Das Private als eminent politisch demonstriert David Perlovs »Yoman«, ein über zehn Jahre entstandenes filmisches Tagebuch und zugleich künstlerisches Dokument israelischer Zeitgeschichte. Perlov (1930-2003) war Assistent von Henri Langlois und später einflussreich als Mitbegründer und Lehrer der Filmakademie in Tel Aviv. Diese Wiederentdeckung ist zweifellos eine kleine Sensation. Ebenso die diesjährige Retrospektive zum essayistischen Film, kuratiert von Jean-Pierre Gorin, dem bereits erwähnten früheren Kollegen von Godard zur Zeit der Groupe Dziga Vertov: Bezugnehmend auf den Maler und Filmkritiker Manny Farber nannte er die großartige Reihe »Der Weg der Termiten« (Farber in seinem berühmten Aufsatz »White Elephant Art vs. Termite Art«:Termite-tapeworm-fungus-moss art goes always forward eating its own boundaries, and, like as not, leaves nothing in its path other than the signs of eager, industrious, unkempt activity.) Von D.W. Griffith (»A Corner in Wheat«) über freilich mehrere Arbeiten von Godard (sowie in Zusammenarbeit mit Anne-Marie Miéville bzw.
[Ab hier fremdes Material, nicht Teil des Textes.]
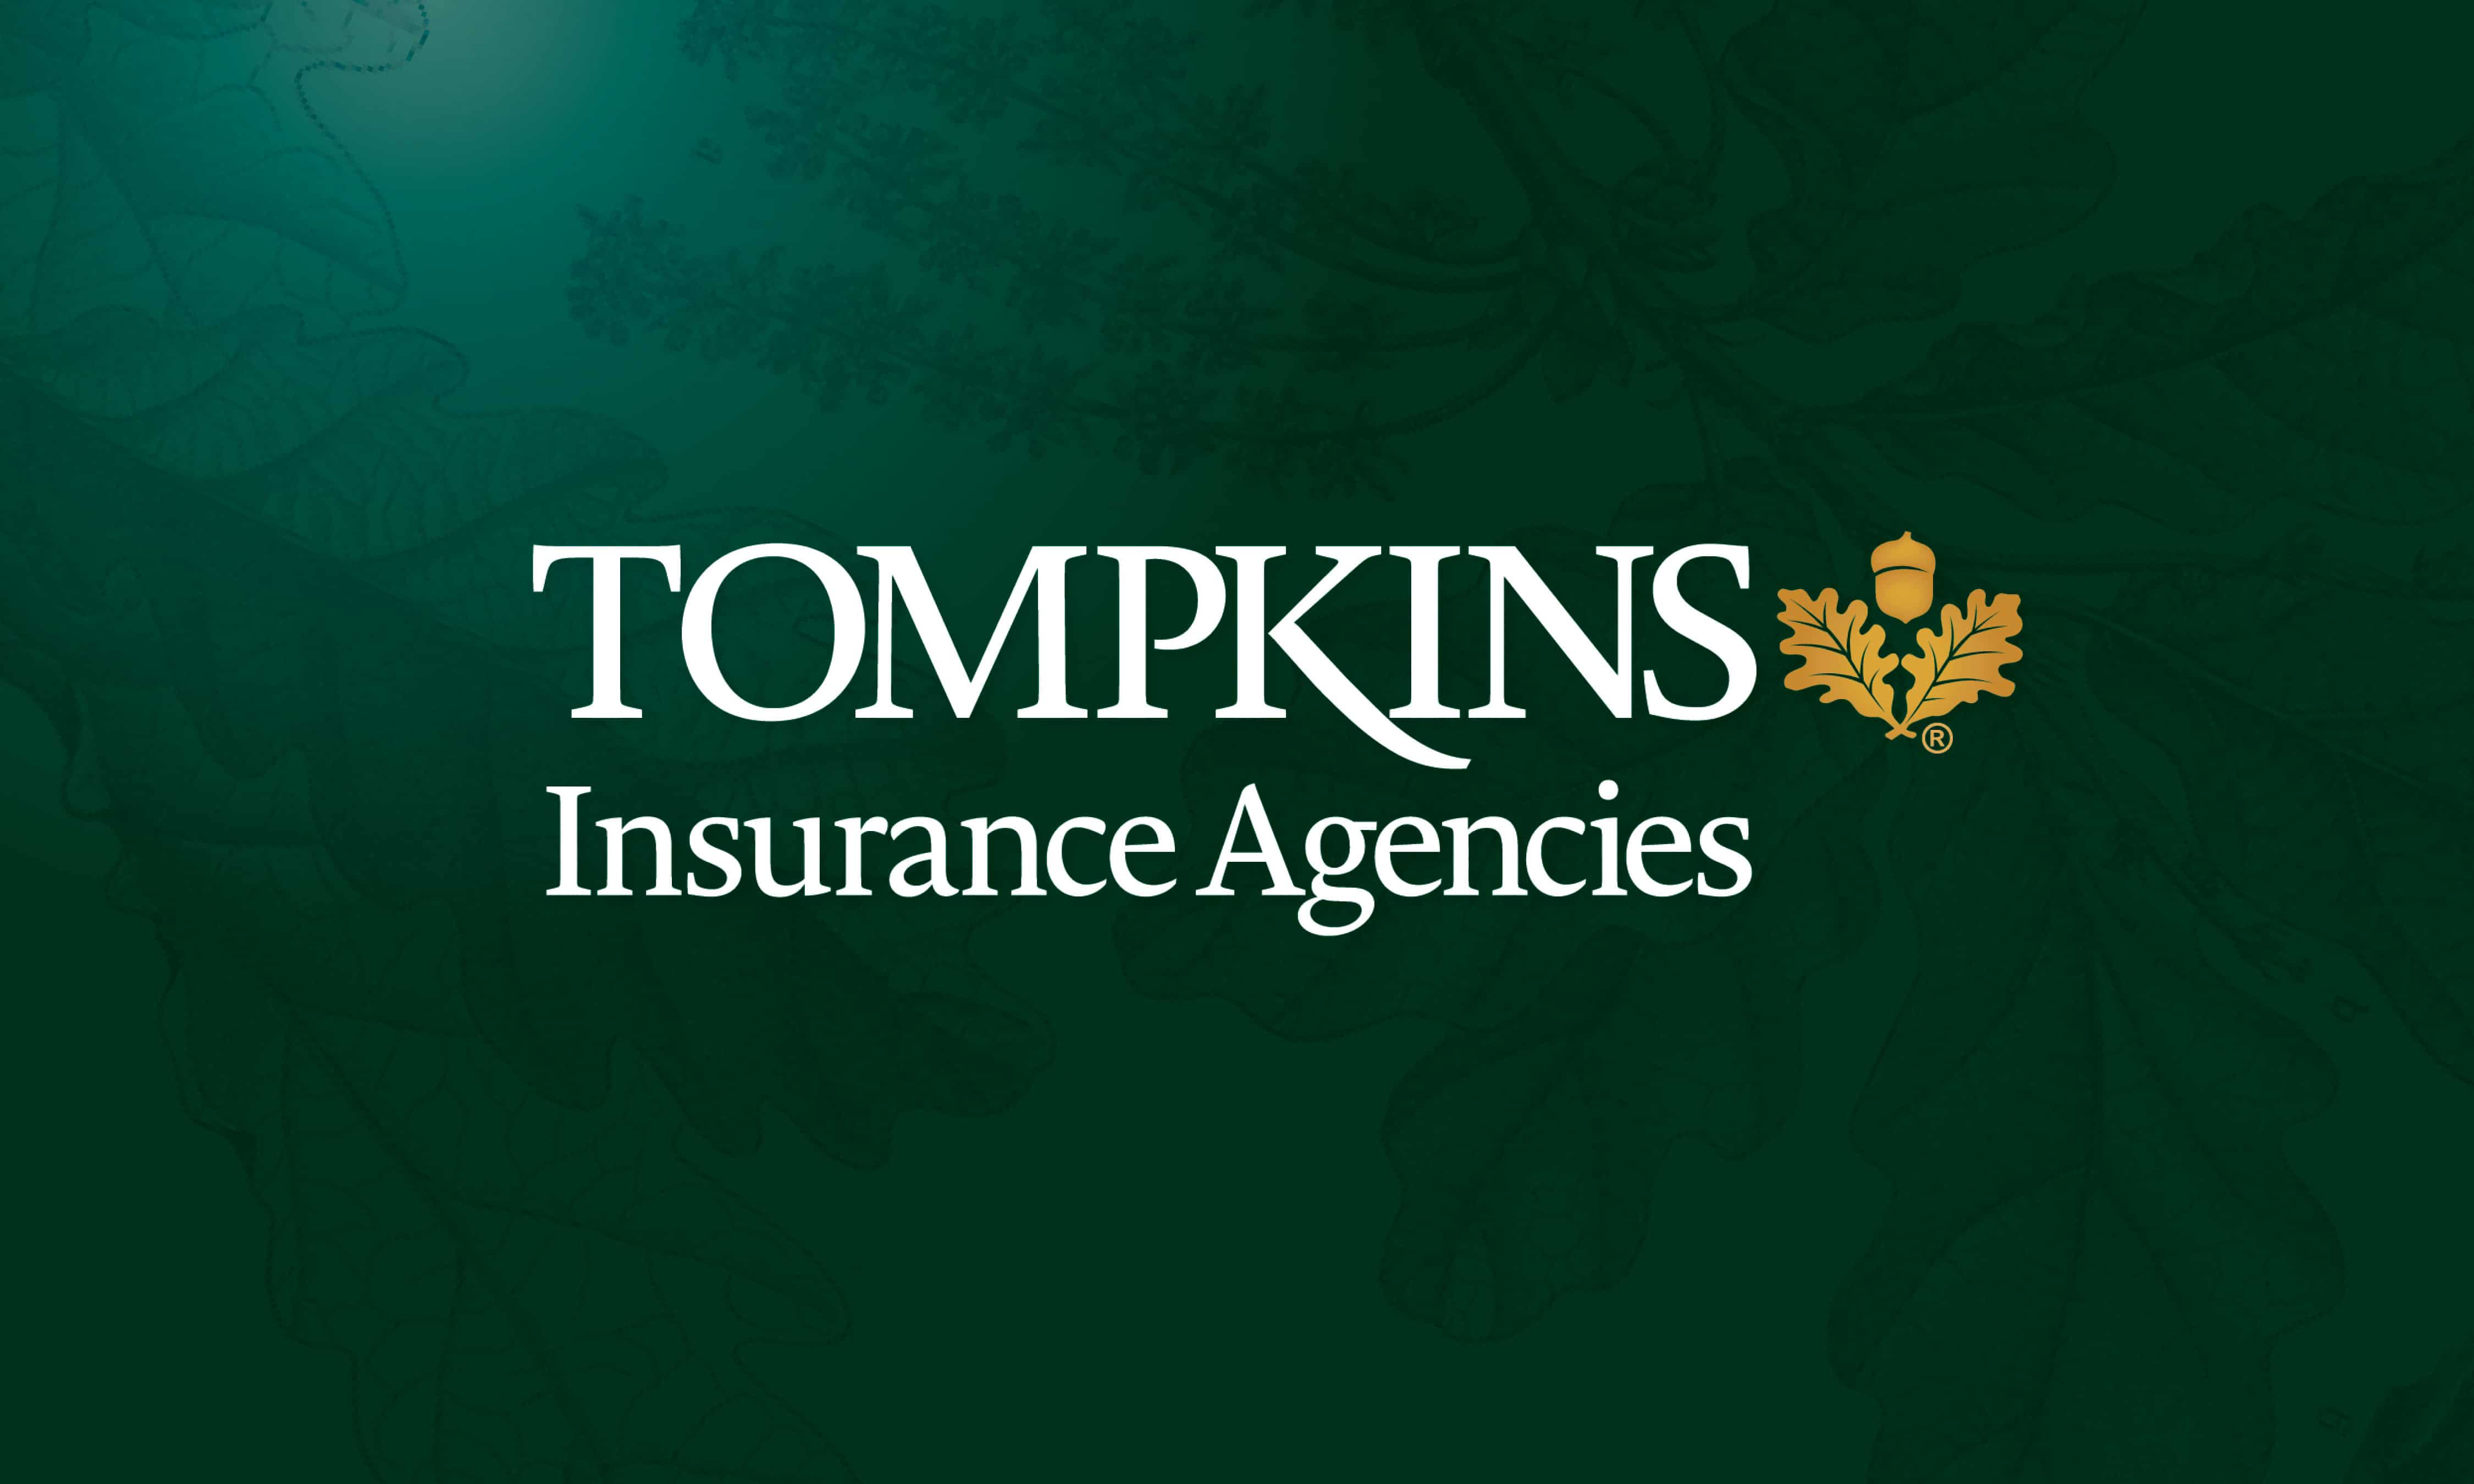 Tompkins Insurance earns ‘best practices’ agency title for fifth year

Gorin) bis hin zu jüngeren Filmen wie »Los Angeles Plays Itself« von Thom Andersen, einem fulminanten (Meta-)Porträt einer Stadt anhand deren zahlreicher Auftritte in den verschiedensten Filmen wurde hier der Bogen gespannt. Beschaulich wirkt dagegen das Paris Anfang der 60er Jahre, wo Jean Rouch und Edgar Morin Straßenumfragen zum Thema Glück durchführten, zusammengefasst und kommentiert in »Chronique d’un été«, einem äußerst kurzweiligen Beispiel des cinéma vérité. Ganz andere Kinoentwürfe hingegen boten die beiden Tributes, die zwei außergewöhnlichen Filmemacherinnen gewidmet wraen: Nina Menkes und Stephanie Rothman, somnambuler Experimentalfilm und emanzipierter Independent-Exploitationfilm wurden hier gegenübergestellt.

 

Die Tatsache, dass bei der Viennale kein Wettbewerb ausgetragen wird, mag ein Grund dafür sein, dass dieses feinsinnig programmierte Festival überregional nicht dieselbe Aufmerksamkeit genießt wie andere, doch scheint dieses wenig schmerzliche Manko vielmehr Freiheiten zuzulassen, die eine außergewöhnliche Radikalität sowie die Berücksichtigung – auch geografisch – abseitiger Filmszenen in der Auswahl erlauben. Daher lässt sich das markante Profil dieser immer wieder staunen machenden Filmschau, die bei Publikum wie Filmschaffenden als anspruchsvolle, den Dialog (und nicht die Konkurrenz) suchende Veranstaltung so sehr geschätzt wird und die ihre aufrichtige Filmleidenschaft unter anderem mit einem jährlich in Auftrag gegebenen Trailer (diesmal von Jem Cohen, davor konnten bereits Agnès Varda, Jonas Mekas oder Ken Jacobs gewonnen werden) bezeugt, nur allzu berechtigt als ›termitisch‹ bezeichnen.